As tempting as it may be to not feel the pain, and as tempting as it may be to hide your vulnerability to show you are strong —don’t fall for it. The pain you have experienced will allow you to recognise the boundaries you need to set. It stops you from inflicting pain on others. It stops you from treating others wrongfully.

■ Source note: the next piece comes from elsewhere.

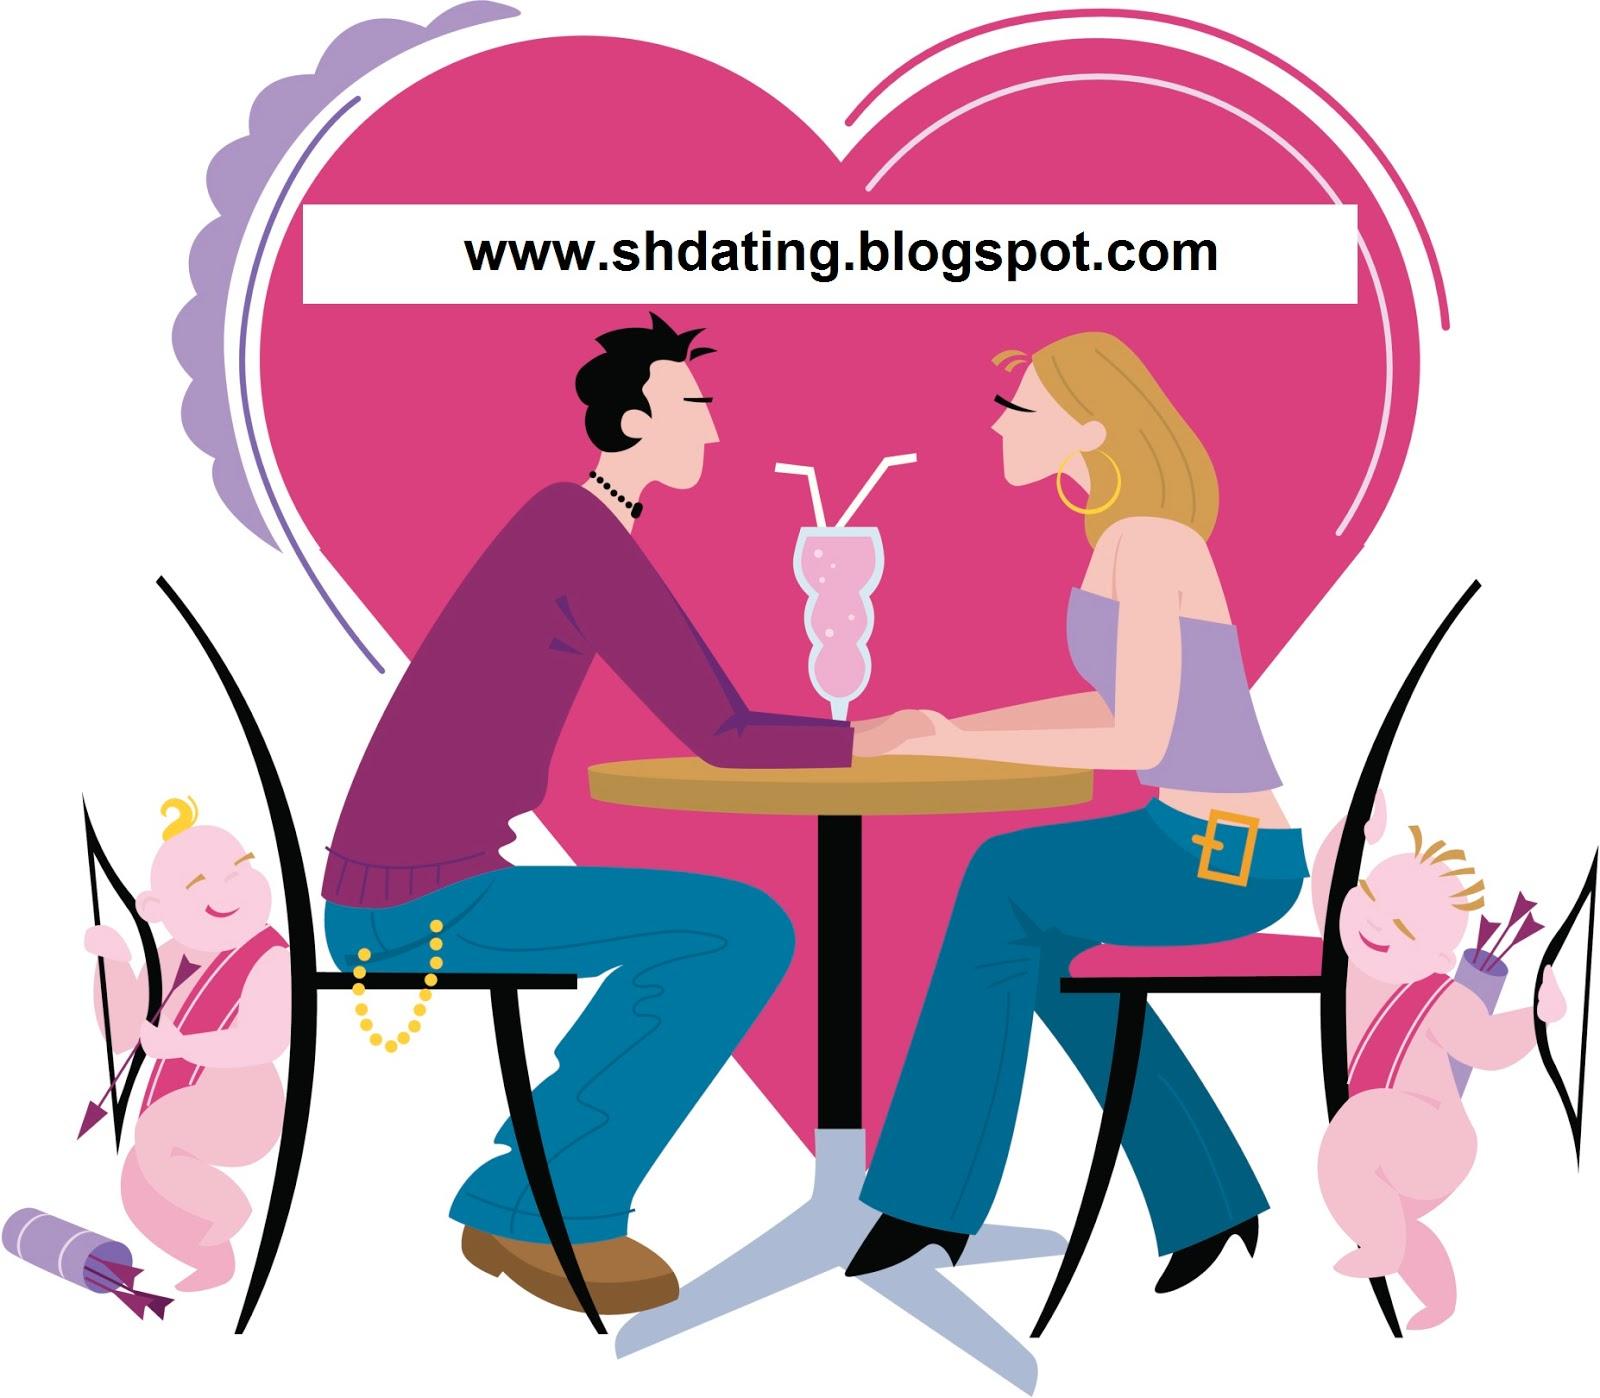 dating sites gratis wiki god måde at beskrive en pige på et dating site

Thank you to all those who looked down on me because of my vulnerability, for you I have learned the power of kindness, hope and faith.

Be vulnerable.

Stay vulnerable.

Being broken doesn’t mean you are some way abnormal it just makes you —YOU! Don’t let anybody tell you just because you are broken it makes you lesser than others. I may be broken but I had the patience and the resilience to pick the pieces up for myself. To learn to love myself again. Come in terms with everything I have been through. It is my story. It is your story. Own it. Define it.

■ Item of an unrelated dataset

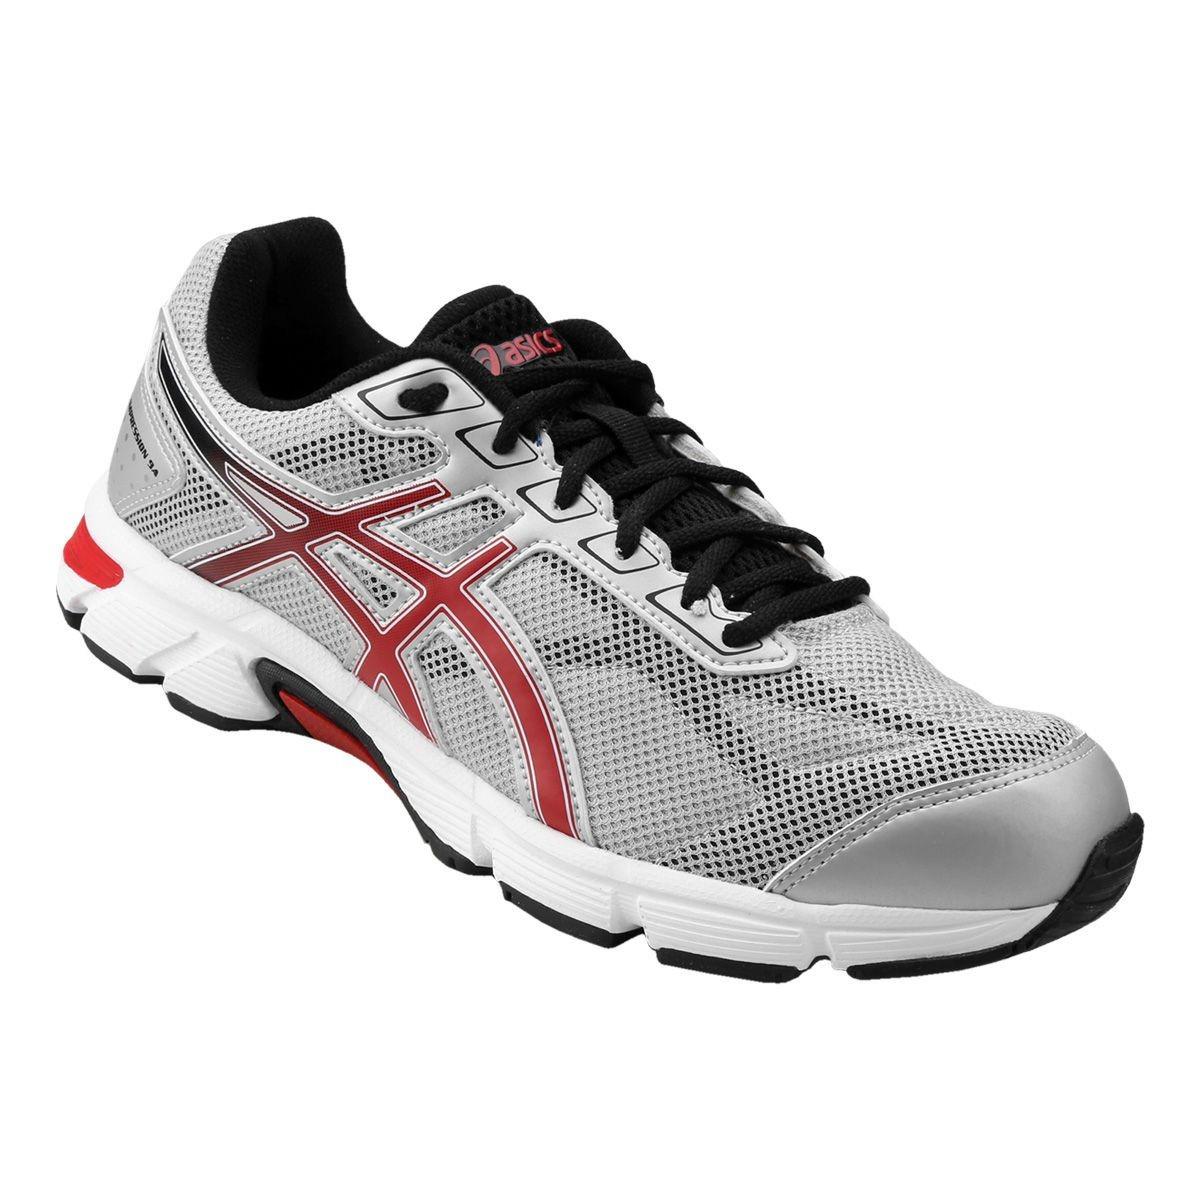 3804fac5fde tênis asics gel impression 9 cinza e vermelho. Carregando zoom.

Vulnerability is important.

We are so hard on ourselves. It is important to take a moment. Breathe. Walk down the memory lane and see what we have achieved.

The grief we think have burdened us only gone onto soften our hearts. The heartaches paved the way to self love. The rejections that lead to self-discoveries. Despite everthing, we learned to grow. Took every hardships as lessons.

Be proud of that.

Be proud of every vulnerability that made you who you are.

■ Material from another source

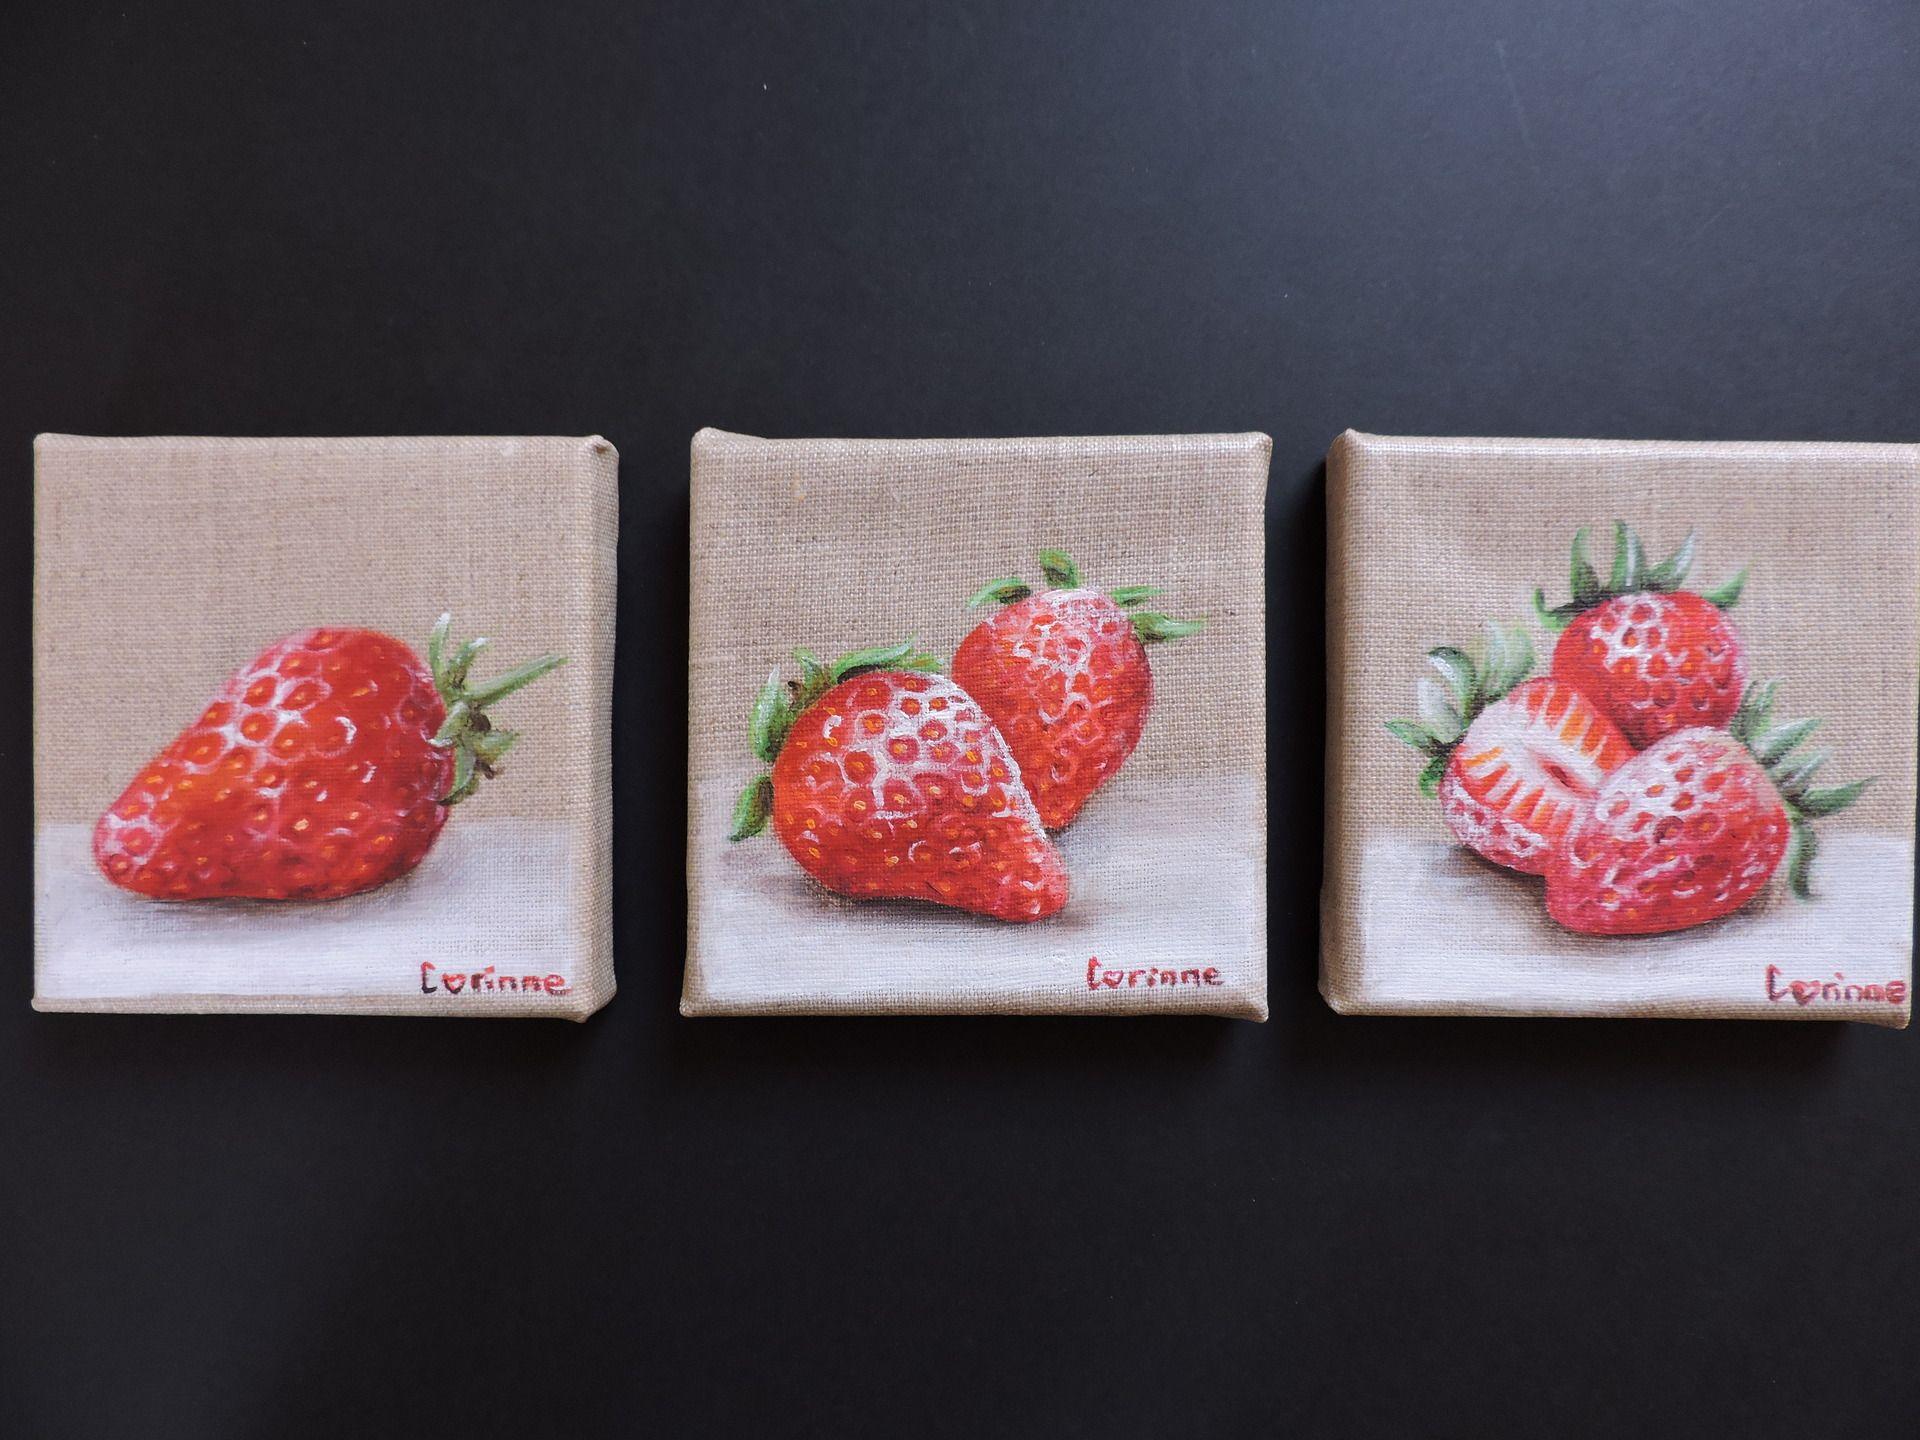 Lot de 3 minis toiles 39 39 fraises 39 39 peinture acrylique for Peinture acrylique cuisine

Being vulnerable means you have feelings, willing to give your all. Being gentle and understanding of human emotions. It makes us human. Whoever doesn’t appreciate your vulnerability doesn’t deserve to be in your life. You have the utmost love to give —don’t sell yourself short.

13 Comments

  1. There are so many who will relate to this. I have also only come to terms with being vulnerable and proud to be vulnerable in the last few years. It still sometimes makes me feel worse though ❤

    Liked by 1 person

    1. I didn’t think many would relate to this, I am glad we are able to talk about vulnerability without feeling some kind of way. It’s all about accepting and believing that it’s okay to be vulnerable. It makes us the extra bit special✨🥰

      Thank you for reading🧡 xx

      Like

  2. I can so relate to this, I am the most vulnerable person here, and sometimes the greed of being tough, strongly takes over but one weak moment and I am back to square one…. This post makes me feel alright 💟💟💟💟

    Liked by 1 person

    1. It’s a continuous process Vani. The same happens to me but I have learned, overtime, to overcome it. It’s all about believing vulnerability is not a weakness —it just makes us the extra bit special🙌🏽💕 xx

      Liked by 1 person

  3. I so feel you, girl! I’ve been an extremely vulnerable person most of my life and people have made me feel like I’m weak because of that to the extent that I just shut off people when I’d get emotional. It’s definitely not a weakness but I’d say pick the right people to be vulnerable with. Not everyone deserves your vulnerability. 😊

    Liked by 3 people

    1. I am sorry you had to go through that. I too made distance with people because I am always scared of people coming close to me. You are right —you got to choose who you want to vulnerable with.